Audi Freestyle Wheelie Electric Bike Review

Audi Electric Bike Review

The German car and motorcycle manufacturer Audi is about to enter the electric bicycle market –  the top-of-the-line electric bicycle market. Audi unveiled their electric bike prototype at the Wörthersee car expo In May 2012. (Each May, the Volkswagen and Audi car show is held in the Austrian town of Reifnitz, adjacent to Lake Worth (Wörthersee) The car expo is typically just called Wörthersee.)

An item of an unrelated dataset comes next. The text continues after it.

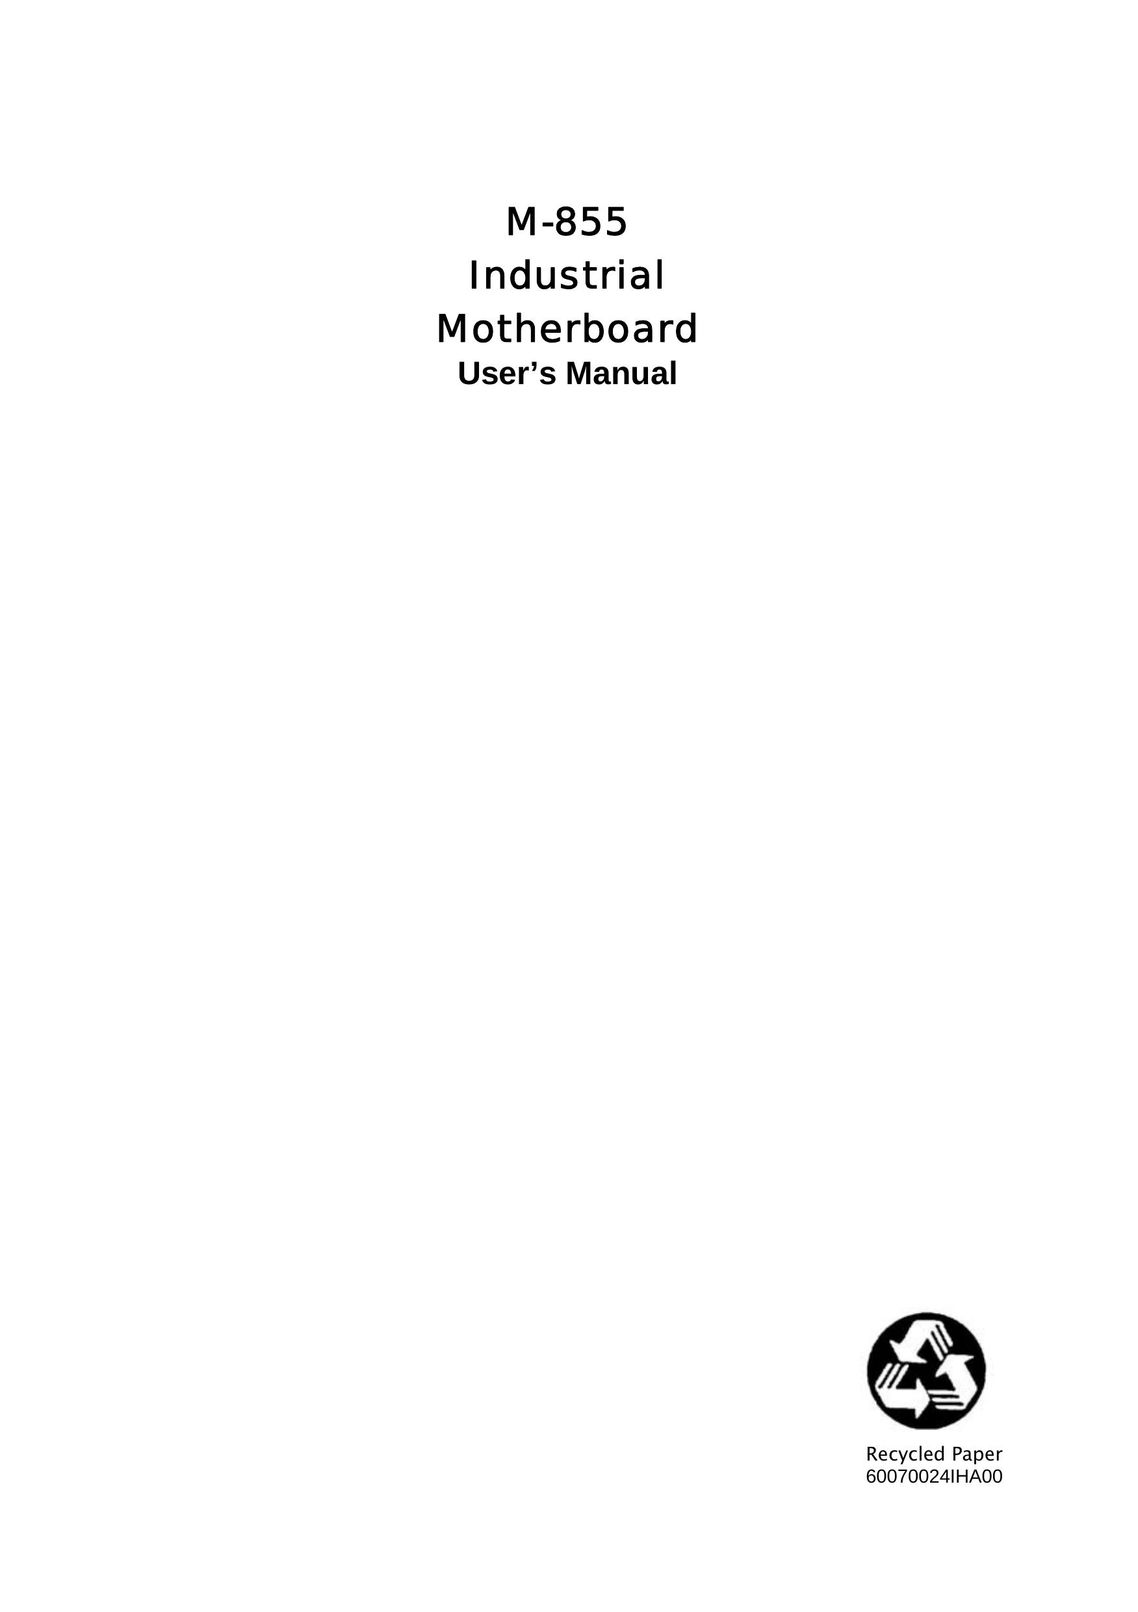 Universal Remote Control M-855 Computer Hardware User Manual
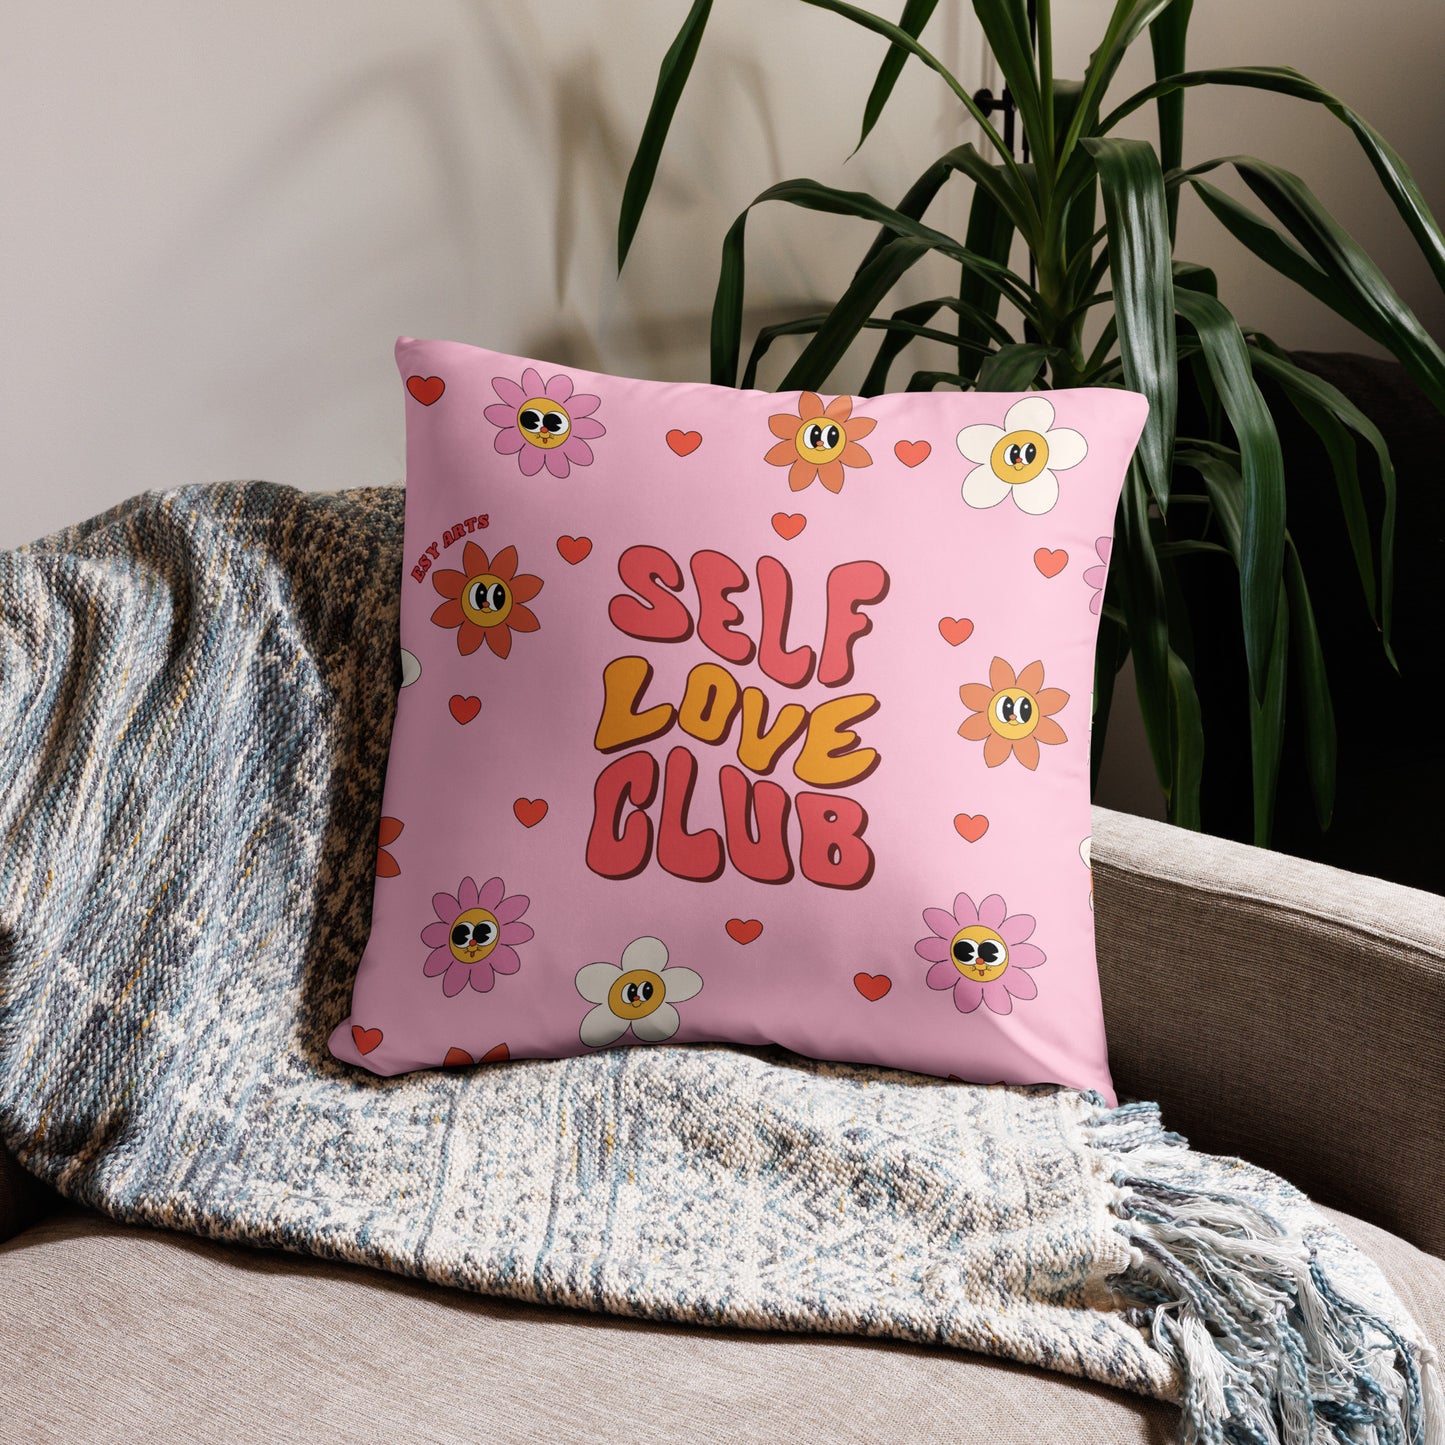 Self Love Club 22 x 22 Pillow

Audi’s entry into the electric bike market is significant for many reasons. Firstly Audi purchased the Italian motorcycle manufacturer Ducati in April this year for a reported $1.2 Billion. This gives Audi access to a worldwide dealership and distribution network. Automakers are realising that the future of transport will cover the full spectrum of vehicles and fuel types. The big auto brands have an unprecedented opportunity to expand their product range and brands into new markets that have traditionally not been their domain of expertise. The lines will continue to blur and Audi along with BMW and Smart are introducing commuter and performance electric bikes.

Also, while Europe and Asia have embraced the electric bike, citizens of the United States are still dragging their heels on adopting this technology (as well as that of electric motorcycles and electric cars.) Many US cities are undergoing planning changes that will increase cycle ways and reduce the reliance on the motor vehicle. Combined with the electrification of many forms of transport the combined effect on the electric bike market look promising.

Audi, which is owned by Volkswagen, is one of the largest car companies in the world, with the finances to conduct research into electric vehicle technology and bring a design successfully from the prototype to the display floor. Audi’s prototype electric bike, provisionally called the Wörthersee, has been making currents (that’s an attempt at a pun…) since it was unveiled. This is for many reasons – but the main one is that it is pushing the limit of what an electric bike can do and push beyond the traditional rider. The Audi ebike is a trick cycling bike, coming with two “wheelie modes,” automatic stabilization while tricks are being performend, and the capability of recording those tricks and uploading them to Facebook right from the bike! It’s this integration with software and social media that makes these bikes really interesting. They’ll connect the real world with the virtual world. It is those features that will likely sell this bike to the American sporstperson and convince them that an ebike is so much more that a bicycle with an electric motor.

Lightweight Carbon Fiber Frame

One of the drawbacks of electric bikes to date has been their weight. The battery pack has always been very heavy. This if fine when the battery is fully charged and assisting the bicyclist. But when the bike runs out of juice and the bicyclist needs to ride back home, it can be twice as difficult to reach home – especially if one has to do it by going up a significant grade. The Wörthersee incporporates not only a carbon fiber frame but also wheels of carbon-fiber-reinforced plastic (if you’re an anagram junkie, that’d be CFRP). The frame weighs 3.53 pounds, and the wheels weigh just 1.32 pounds. (Never fear, the frame is reinforced at load points, so it can bear a hefty amount of weight.) Add the battery to that and the total bike weighs only 46.3 pounds or 21 kg which is an amazing accomplishment in engineering.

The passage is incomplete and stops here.